Would you restate the entries below word for word, starting at the first line and ending with the one that has "Markus Matthias Krüger"?

───── Extracted information ─────

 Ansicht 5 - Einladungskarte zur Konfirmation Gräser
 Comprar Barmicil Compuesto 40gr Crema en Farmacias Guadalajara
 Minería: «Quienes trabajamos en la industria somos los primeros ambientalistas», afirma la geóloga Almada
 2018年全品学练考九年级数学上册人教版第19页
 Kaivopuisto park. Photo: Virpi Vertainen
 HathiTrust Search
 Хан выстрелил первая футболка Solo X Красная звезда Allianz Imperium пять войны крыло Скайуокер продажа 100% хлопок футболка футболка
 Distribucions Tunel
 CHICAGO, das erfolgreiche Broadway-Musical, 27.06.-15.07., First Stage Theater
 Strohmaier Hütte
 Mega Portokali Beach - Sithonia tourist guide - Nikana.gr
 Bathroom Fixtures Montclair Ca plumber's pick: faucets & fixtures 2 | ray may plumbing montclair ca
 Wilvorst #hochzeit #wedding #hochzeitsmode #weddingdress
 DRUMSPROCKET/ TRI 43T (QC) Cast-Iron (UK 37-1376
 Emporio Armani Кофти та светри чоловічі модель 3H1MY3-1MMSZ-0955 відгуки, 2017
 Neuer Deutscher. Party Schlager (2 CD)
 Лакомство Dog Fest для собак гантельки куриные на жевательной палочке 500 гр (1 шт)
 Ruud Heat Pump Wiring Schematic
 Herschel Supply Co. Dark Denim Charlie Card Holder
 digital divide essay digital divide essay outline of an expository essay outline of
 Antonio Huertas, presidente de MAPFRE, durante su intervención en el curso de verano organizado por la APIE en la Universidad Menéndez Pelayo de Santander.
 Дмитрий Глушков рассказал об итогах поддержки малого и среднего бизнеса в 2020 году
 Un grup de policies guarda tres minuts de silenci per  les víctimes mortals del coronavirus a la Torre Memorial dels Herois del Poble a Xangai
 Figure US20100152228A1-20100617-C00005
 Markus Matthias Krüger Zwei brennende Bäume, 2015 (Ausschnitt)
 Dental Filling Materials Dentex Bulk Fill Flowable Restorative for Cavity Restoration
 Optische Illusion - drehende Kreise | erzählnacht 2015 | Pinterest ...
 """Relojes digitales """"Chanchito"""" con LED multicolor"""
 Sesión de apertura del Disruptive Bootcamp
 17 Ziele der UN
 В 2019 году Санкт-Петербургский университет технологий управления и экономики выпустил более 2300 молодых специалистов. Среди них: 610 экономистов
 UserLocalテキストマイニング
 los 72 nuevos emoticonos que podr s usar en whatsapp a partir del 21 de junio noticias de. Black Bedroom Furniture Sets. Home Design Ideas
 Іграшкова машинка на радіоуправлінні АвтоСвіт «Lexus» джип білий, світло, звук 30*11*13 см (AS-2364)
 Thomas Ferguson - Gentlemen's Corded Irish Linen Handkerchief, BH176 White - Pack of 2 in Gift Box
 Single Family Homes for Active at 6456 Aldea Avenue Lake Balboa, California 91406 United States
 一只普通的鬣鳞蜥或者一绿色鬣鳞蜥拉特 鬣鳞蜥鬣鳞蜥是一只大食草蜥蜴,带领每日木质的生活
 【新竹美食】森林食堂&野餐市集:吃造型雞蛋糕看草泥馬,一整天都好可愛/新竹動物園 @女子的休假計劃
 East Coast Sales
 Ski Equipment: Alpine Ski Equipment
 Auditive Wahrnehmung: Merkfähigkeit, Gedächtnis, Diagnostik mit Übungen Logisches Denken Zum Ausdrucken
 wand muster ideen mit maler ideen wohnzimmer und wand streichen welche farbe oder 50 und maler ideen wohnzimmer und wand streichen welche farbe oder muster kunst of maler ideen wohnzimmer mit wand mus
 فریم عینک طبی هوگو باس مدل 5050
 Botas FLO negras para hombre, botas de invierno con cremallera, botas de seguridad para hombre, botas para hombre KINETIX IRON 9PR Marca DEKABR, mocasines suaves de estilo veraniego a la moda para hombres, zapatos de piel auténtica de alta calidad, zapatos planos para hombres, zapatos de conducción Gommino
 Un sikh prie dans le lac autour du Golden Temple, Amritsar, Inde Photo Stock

─────

Task response:
 Ansicht 5 - Einladungskarte zur Konfirmation Gräser
 Comprar Barmicil Compuesto 40gr Crema en Farmacias Guadalajara
 Minería: «Quienes trabajamos en la industria somos los primeros ambientalistas», afirma la geóloga Almada
 2018年全品学练考九年级数学上册人教版第19页
 Kaivopuisto park. Photo: Virpi Vertainen
 HathiTrust Search
 Хан выстрелил первая футболка Solo X Красная звезда Allianz Imperium пять войны крыло Скайуокер продажа 100% хлопок футболка футболка
 Distribucions Tunel
 CHICAGO, das erfolgreiche Broadway-Musical, 27.06.-15.07., First Stage Theater
 Strohmaier Hütte
 Mega Portokali Beach - Sithonia tourist guide - Nikana.gr
 Bathroom Fixtures Montclair Ca plumber's pick: faucets & fixtures 2 | ray may plumbing montclair ca
 Wilvorst #hochzeit #wedding #hochzeitsmode #weddingdress
 DRUMSPROCKET/ TRI 43T (QC) Cast-Iron (UK 37-1376
 Emporio Armani Кофти та светри чоловічі модель 3H1MY3-1MMSZ-0955 відгуки, 2017
 Neuer Deutscher. Party Schlager (2 CD)
 Лакомство Dog Fest для собак гантельки куриные на жевательной палочке 500 гр (1 шт)
 Ruud Heat Pump Wiring Schematic
 Herschel Supply Co. Dark Denim Charlie Card Holder
 digital divide essay digital divide essay outline of an expository essay outline of
 Antonio Huertas, presidente de MAPFRE, durante su intervención en el curso de verano organizado por la APIE en la Universidad Menéndez Pelayo de Santander.
 Дмитрий Глушков рассказал об итогах поддержки малого и среднего бизнеса в 2020 году
 Un grup de policies guarda tres minuts de silenci per  les víctimes mortals del coronavirus a la Torre Memorial dels Herois del Poble a Xangai
 Figure US20100152228A1-20100617-C00005
 Markus Matthias Krüger Zwei brennende Bäume, 2015 (Ausschnitt)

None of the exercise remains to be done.